Re: [BUG] Possible BTRFS Raid bug

Thanks for getting back to me.

Tried this -

[root@Xen ~]# mount -o ro,degraded /dev/sdb /mnt/
[root@Xen ~]# btrfs device add /dev/sde /mnt/
ERROR: error adding device '/dev/sde': Read-only file system

This is really not good as such a basic feature like this should be working by now.
I guess I will have to raise this with the BTRFS guys - can you point me in the right direction WorMzy?

Moral of the story here - BTRFS Raid 10 is good unless the drive dies spectacularly, then you are screwed.

Offline

#5 2016-03-25 11:26:09

WorMzy
Forum Moderator
From: Scotland
Registered: 2010-06-16
Posts: 11,846
Website

Re: [BUG] Possible BTRFS Raid bug


Sakura:-
Mobo: MSI MAG X570S TORPEDO MAX // Processor: AMD Ryzen 9 5950X @4.9GHz // GFX: AMD Radeon RX 5700 XT // RAM: 32GB (4x 8GB) Corsair DDR4 (@ 3000MHz) // Storage: 1x 3TB HDD, 6x 1TB SSD, 2x 120GB SSD, 1x 275GB M2 SSD

Making lemonade from lemons since 2015.

Offline

#6 2016-03-25 11:55:50

Stevearch
Member
From: North Wales
Registered: 2014-04-21
Posts: 80

Re: [BUG] Possible BTRFS Raid bug

Cheers WorMzy,

Email sent smile

Offline

#7 2016-03-25 17:29:56

Stevearch
Member
From: North Wales
Registered: 2014-04-21
Posts: 80

Re: [BUG] Possible BTRFS Raid bug

**UPDATE**

I've had a reply from a member of the BTRFS team -

btrfs replace is also the recommended way to replace a failed device
nowadays. The wiki is outdated.

On Debian Stretch with Linux 4.4.6, btrfs-progs 4.4 in VirtualBox
5.0.16 with 4*2GB VDIs

# mkfs.btrfs -m raid10 -d raid10 /dev/sdb /dev/sdc /dev/sdd /dev/sdbe

# mount /dev/sdb /mnt
# touch /mnt/test
# umount /mnt

Everything fine so far.

# wipefs -a /dev/sde

*reboot*

# mount /dev/sdb /mnt
mount: wrong fs type, bad option, bad superblock on /dev/sdb,
       missing codepage or helper program, or other error

       In some cases useful info is found in syslog - try
       dmesg | tail or so.

# dmesg | tail
[   85.979655] BTRFS info (device sdb): disk space caching is enabled
[   85.979660] BTRFS: has skinny extents
[   85.982377] BTRFS: failed to read the system array on sdb
[   85.996793] BTRFS: open_ctree failed

Not very informative! An information regression?
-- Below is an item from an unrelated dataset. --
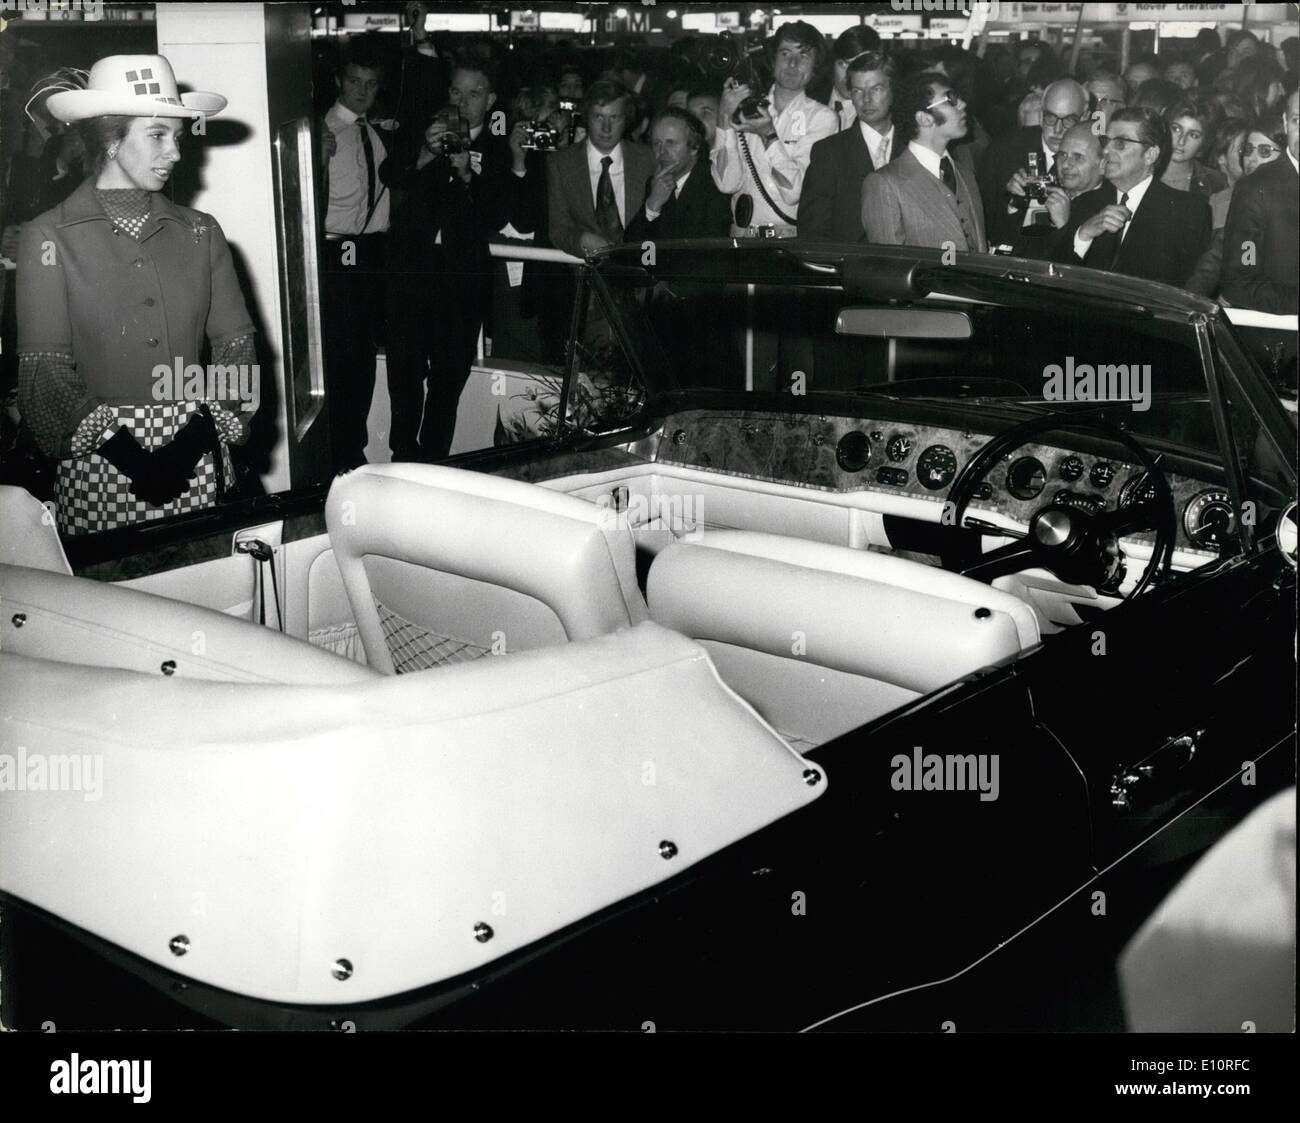 Oct. 10, 1973 - Princess Anne opens the Motor show. Princess Anne today opened the London International Motor show at Earls Court. Photo shows Princess Anne looks into an open top Rolls Royce , at the Motor Show. Stock Photo

# mount -o degraded /dev/sdb /mnt

# dmesg | tail
[  919.899071] BTRFS info (device sdb): allowing degraded mounts
[  919.899075] BTRFS info (device sdb): disk space caching is enabled
[  919.899077] BTRFS: has skinny extents
[  919.903216] BTRFS warning (device sdb): devid 4 uuid
8549a275-f663-4741-b410-79b49a1d465f is missing

# touch /mnt/test2
# ls -l /mnt/
total 0
-rw-r--r-- 1 root root 0 mar 25 15:17 test
-rw-r--r-- 1 root root 0 mar 25 15:42 test2

# btrfs device remove missing /mnt
ERROR: error removing device 'missing': unable to go below four
devices on raid10

As expected.

# btrfs replace start -B missing /dev/sde /mnt
ERROR: source device must be a block device or a devid

Would have been nice if missing worked here too. Maybe it does in
btrfs-progs 4.5?

# btrfs replace start -B 4 /dev/sde /mnt

# dmesg | tail
[ 1618.170619] BTRFS info (device sdb): dev_replace from <missing
disk> (devid 4) to /dev/sde started
[ 1618.184979] BTRFS info (device sdb): dev_replace from <missing
disk> (devid 4) to /dev/sde finished

Repaired!

# umount /mnt
# mount /dev/sdb /mnt
# dmesg | tail
[ 1729.917661] BTRFS info (device sde): disk space caching is enabled
[ 1729.917665] BTRFS: has skinny extents

I've tested out their method which does work however this still isn't an answer if your drive craps out on you completely.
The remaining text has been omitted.